# michigan peeps look!!!!



## GOODGIRL75 (May 14, 2009)

Explore the RiverWalk with your pet at the 3rd annual Pooch-a-Palooza, presented by Canine to Five, Detroit Dog Daycare! This year's fun activities include a pet walk, dog fashion show, free pet portraits, pet massages, pet-icures and more!

Tales start to wag when registration begins at 8:30am on Sunday June 21st.

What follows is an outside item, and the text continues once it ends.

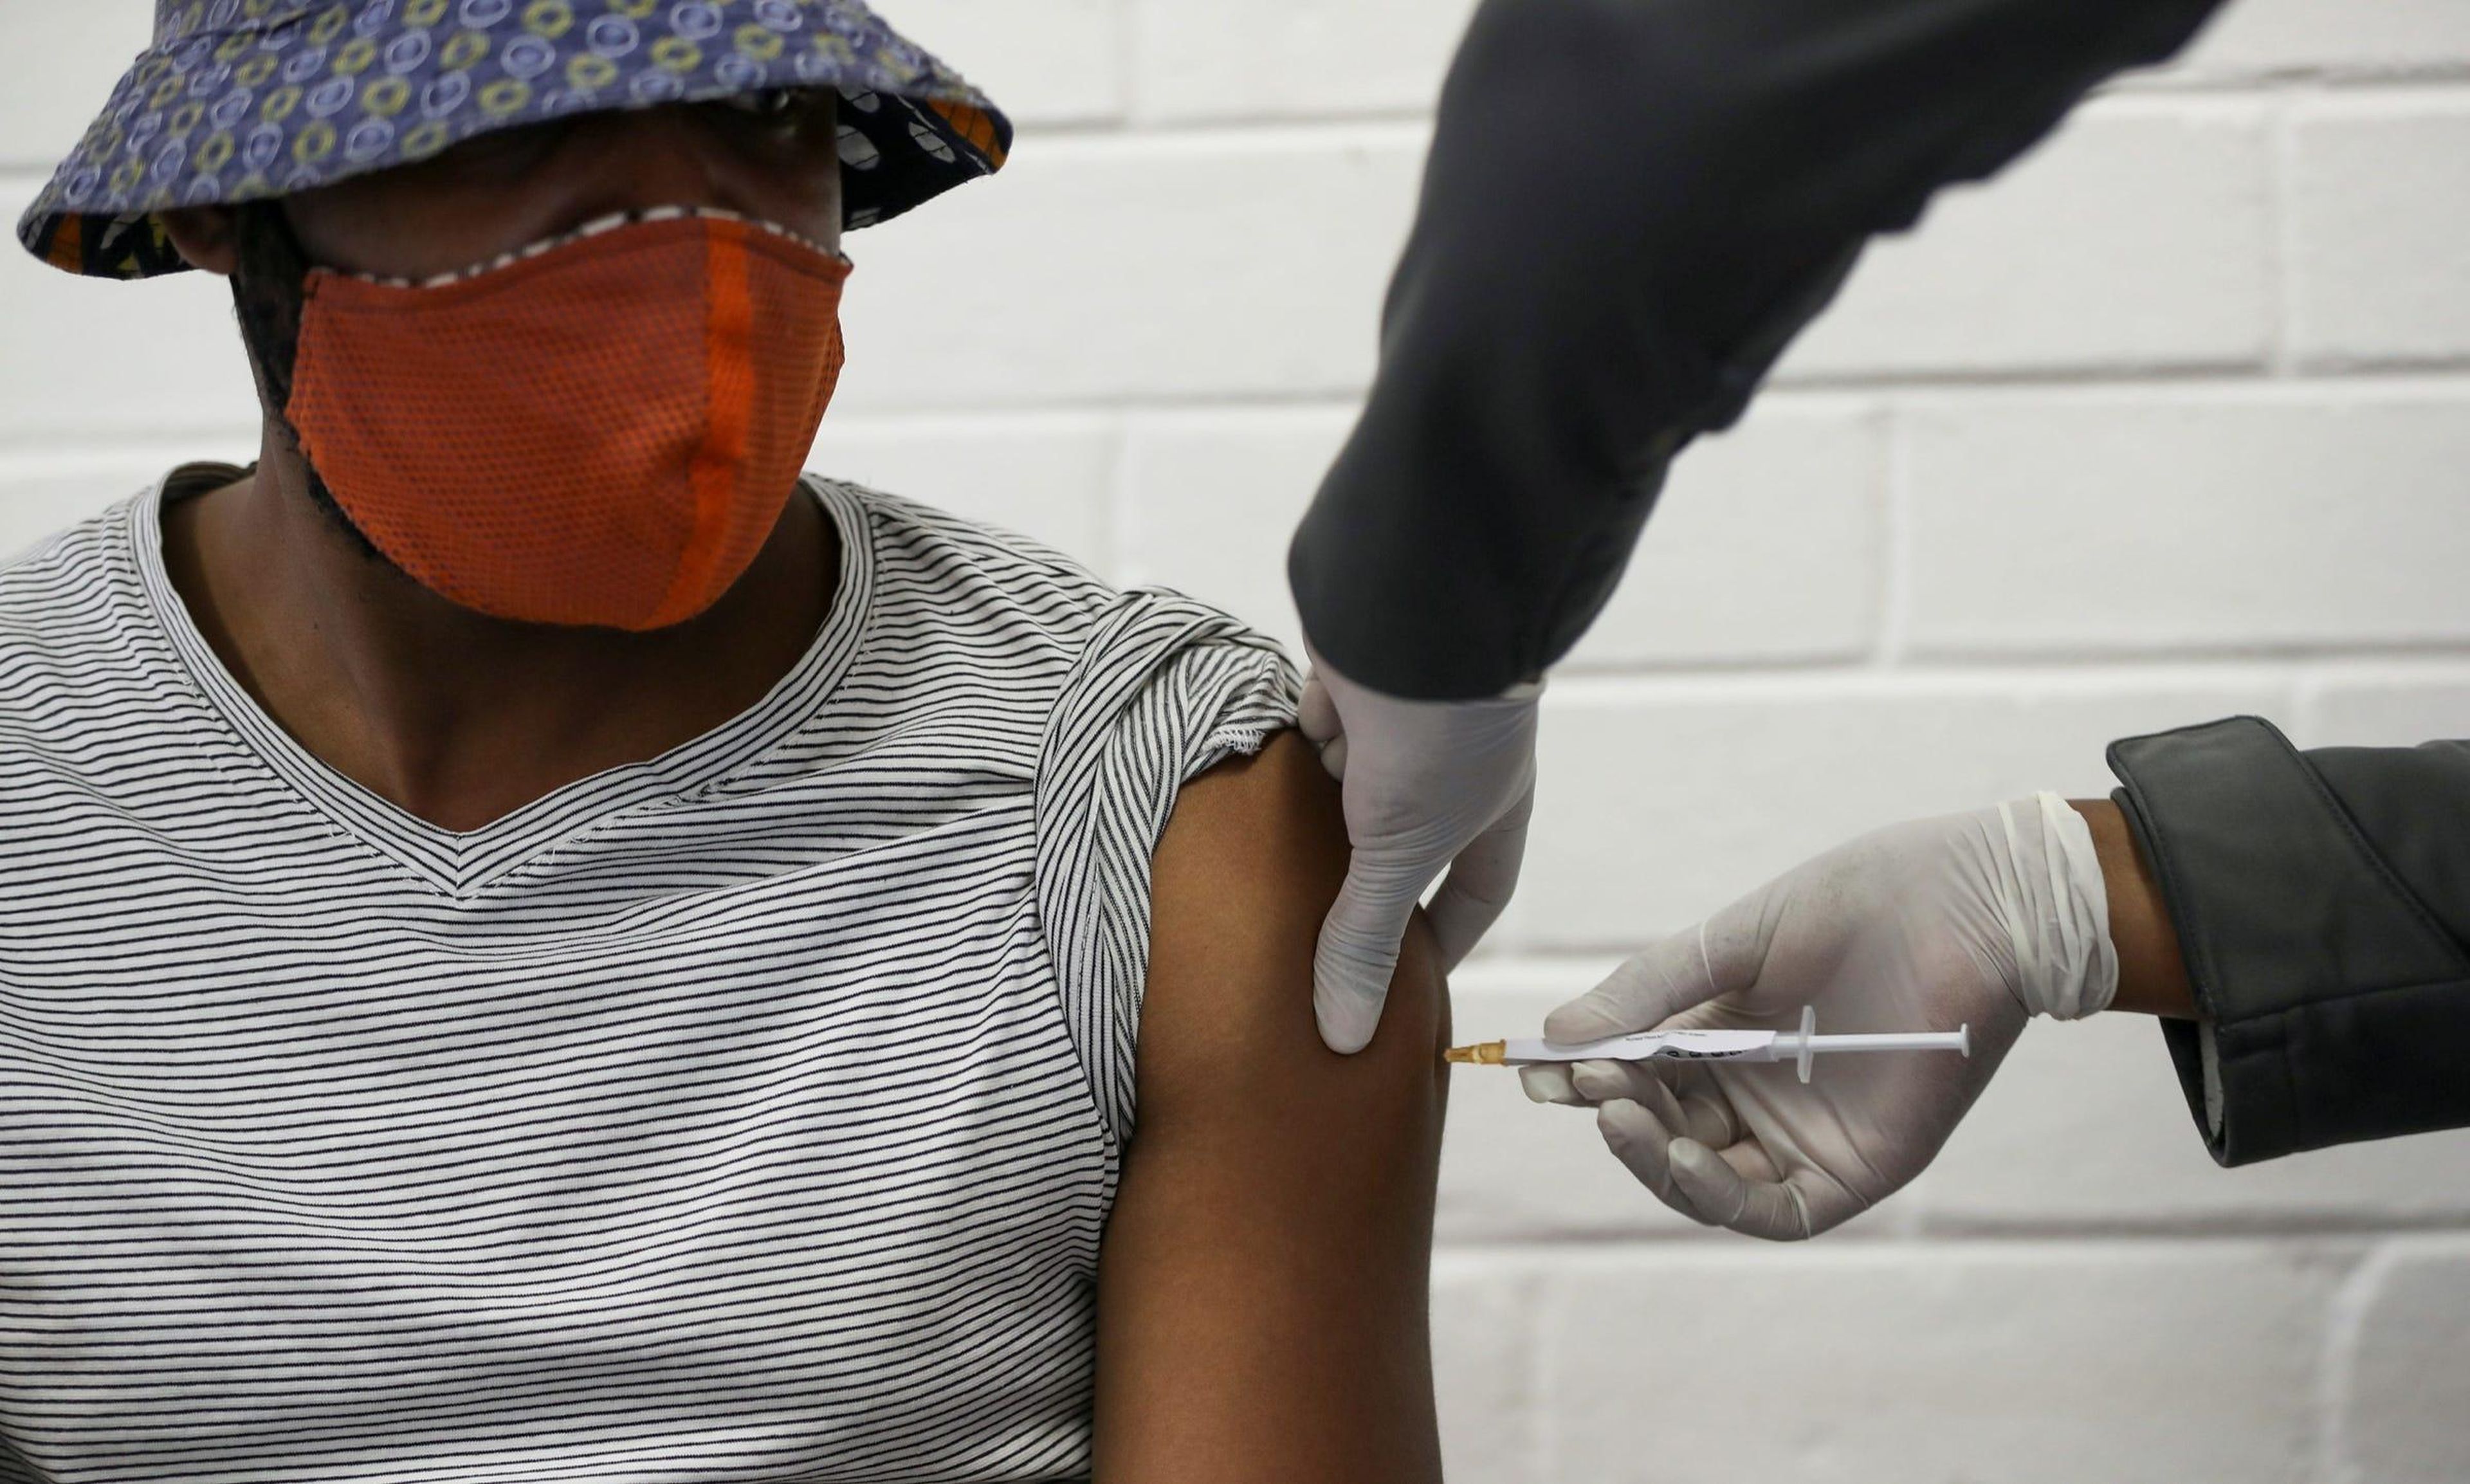 A volunteer receives an experimental coronavirus shot from a medical worker at Baragwanath Hospital in Soweto, South Africa, June 24, 2020.

Registration and all activities will take place the GM Plaza; right in front the WinterGarden on Atwater Street between Beaubien and Renaissance Drive.

You can walk with or without a dog, but please note that all pets must be on a leash. There is a small fee for entry per dog, and walk-up registration is accepted. Get a discount by registering prior to June 15th! Parking is provided for free for participants at the D1 lot at Beaubien and Franklin streets (entrance at Schweitzer Place).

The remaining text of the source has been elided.